Reproduce the listing below exactly. Pictures do not belong in the copy.

Data provided —
··········
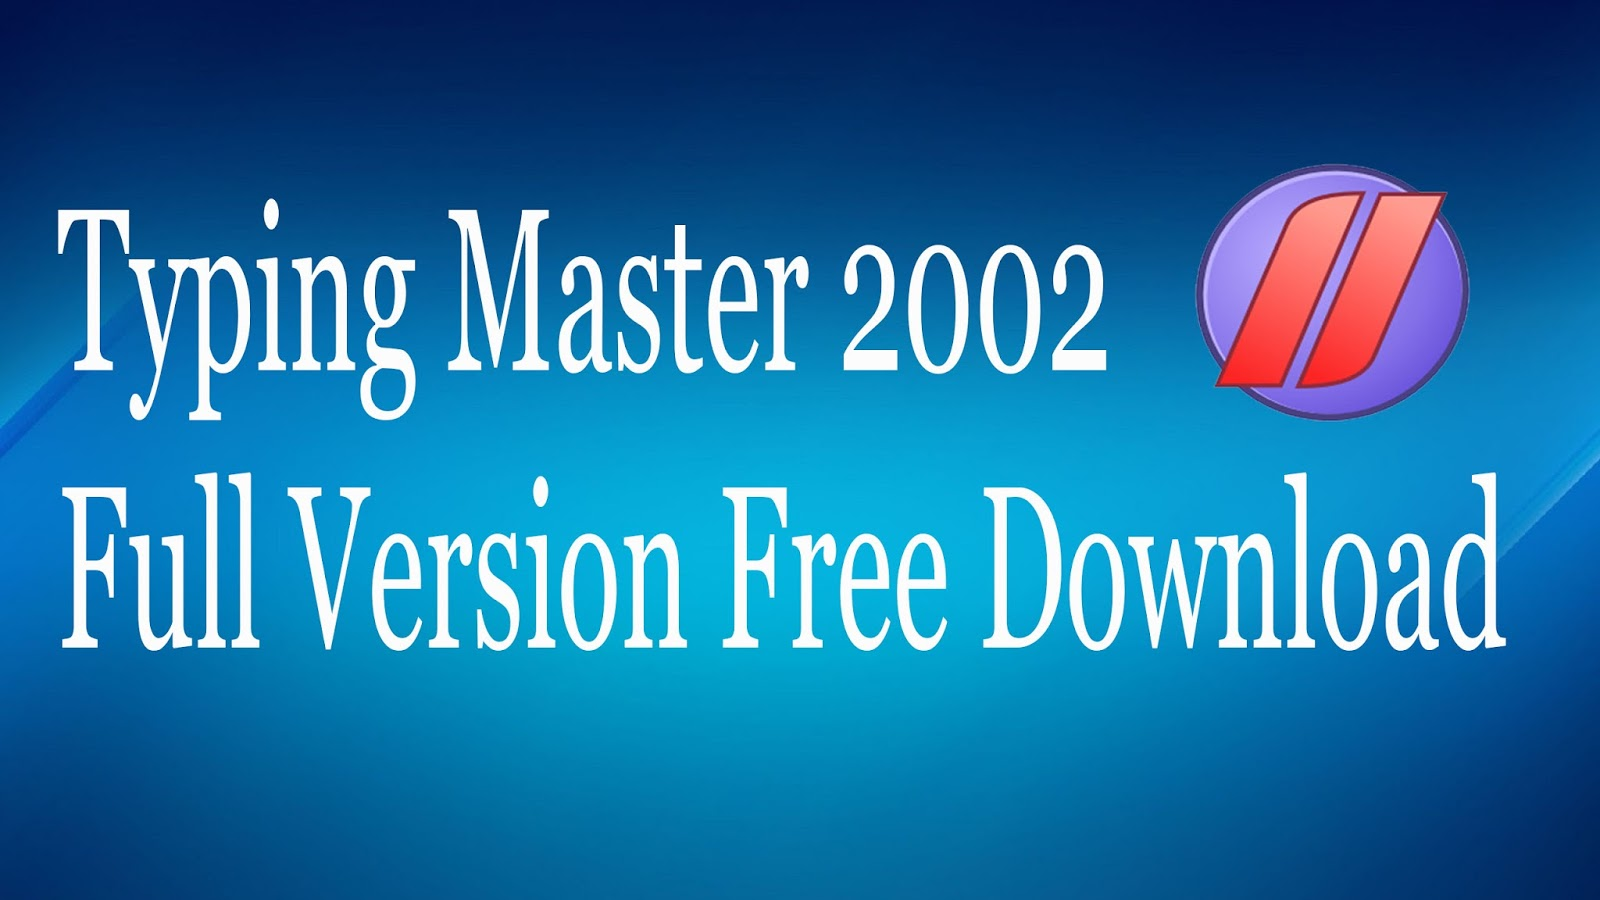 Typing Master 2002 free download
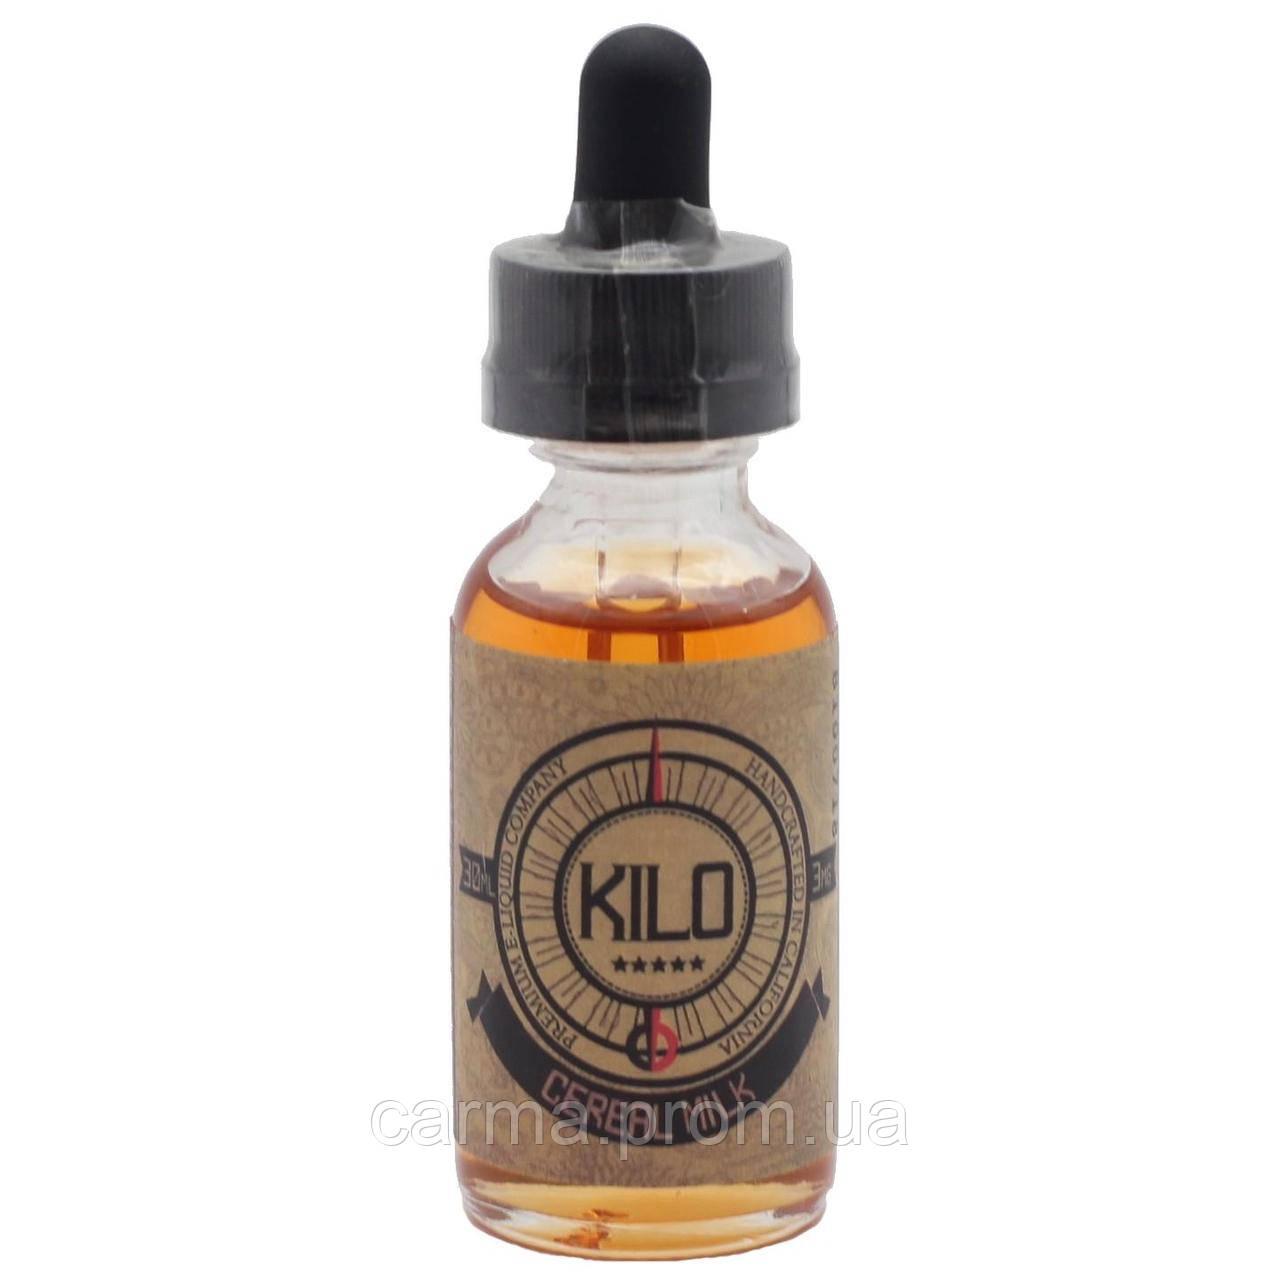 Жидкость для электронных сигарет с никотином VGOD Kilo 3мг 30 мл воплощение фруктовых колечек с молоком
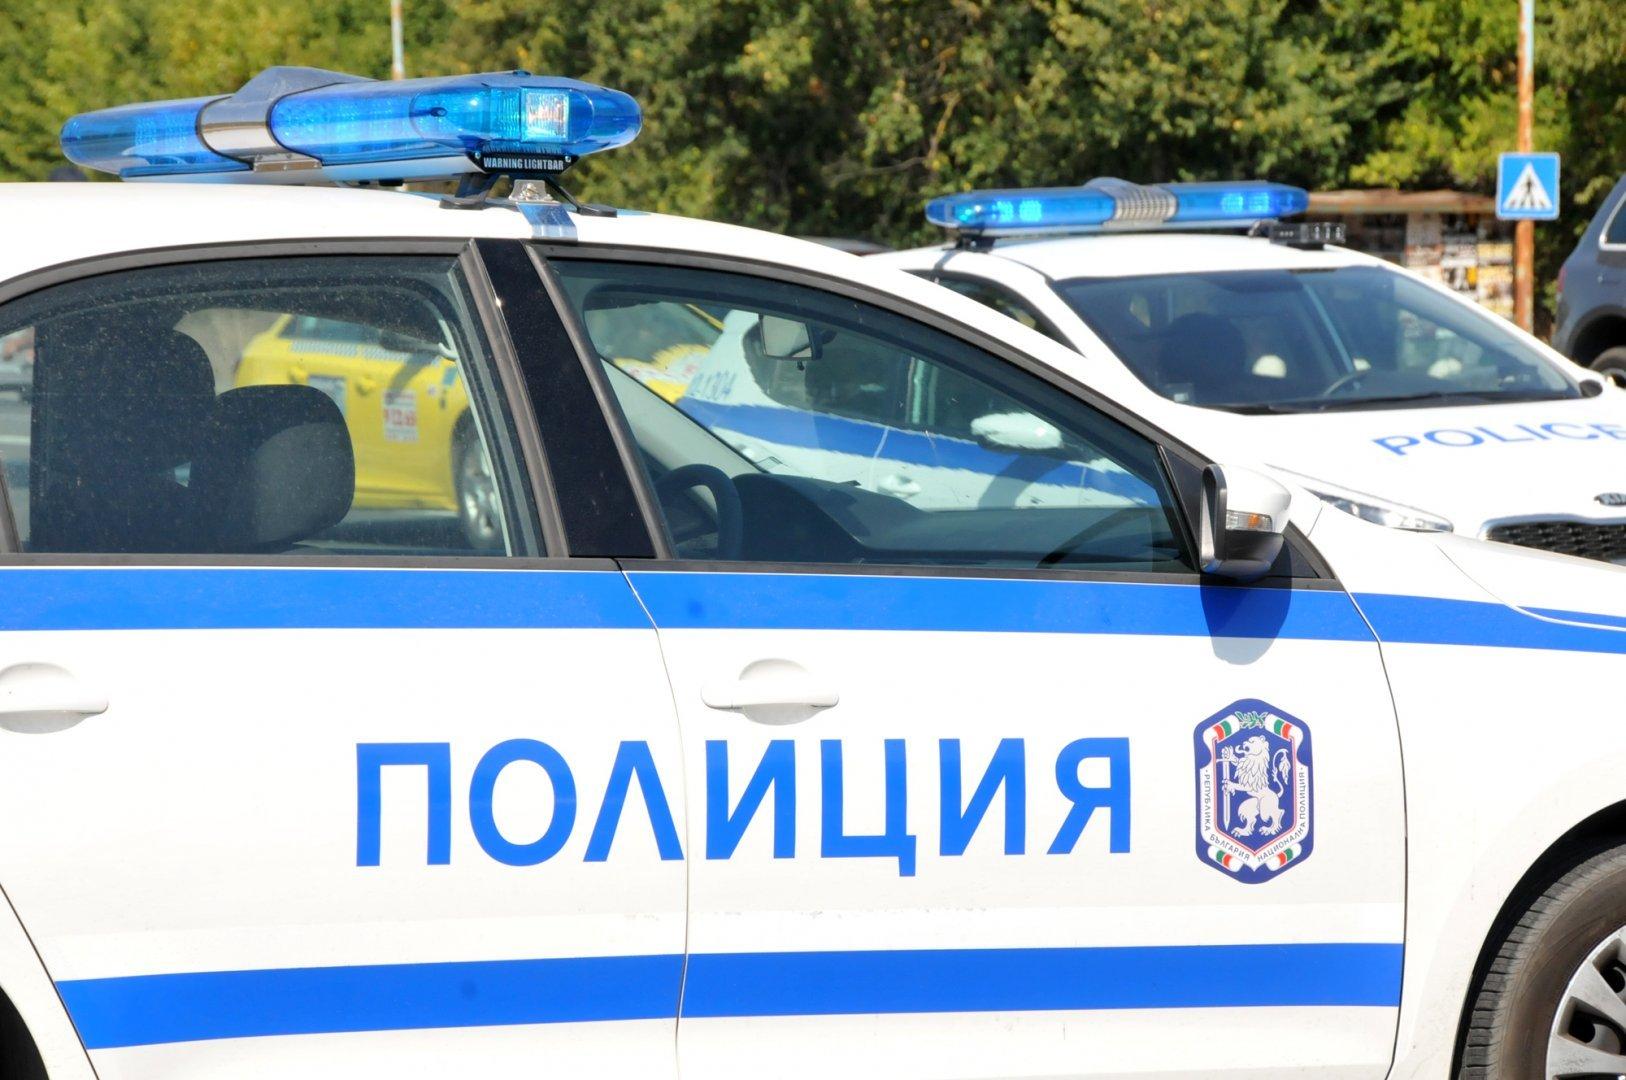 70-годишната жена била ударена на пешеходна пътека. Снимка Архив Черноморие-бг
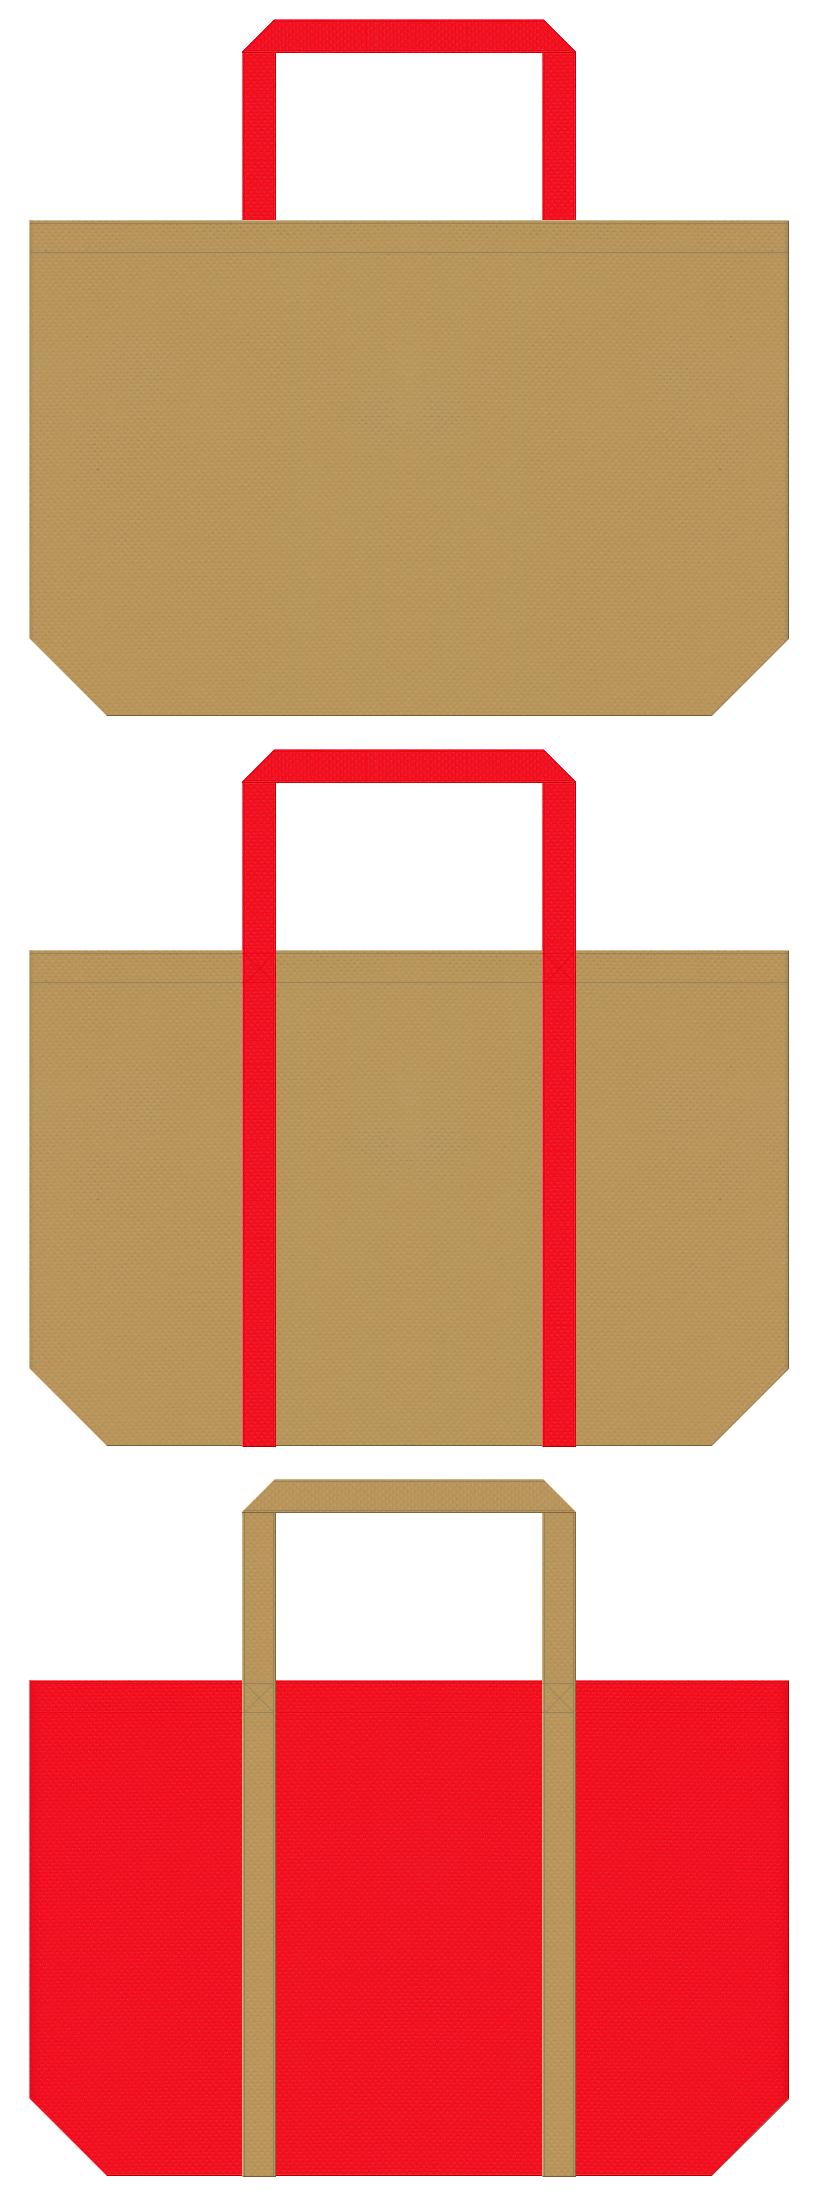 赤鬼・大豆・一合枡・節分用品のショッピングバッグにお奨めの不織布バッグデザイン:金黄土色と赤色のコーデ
··········
Exercise solution —
 Typing Master 2002 free download
 Жидкость для электронных сигарет с никотином VGOD Kilo 3мг 30 мл воплощение фруктовых колечек с молоком
 70-годишната жена била ударена на пешеходна пътека. Снимка Архив Черноморие-бг
 赤鬼・大豆・一合枡・節分用品のショッピングバッグにお奨めの不織布バッグデザイン:金黄土色と赤色のコーデ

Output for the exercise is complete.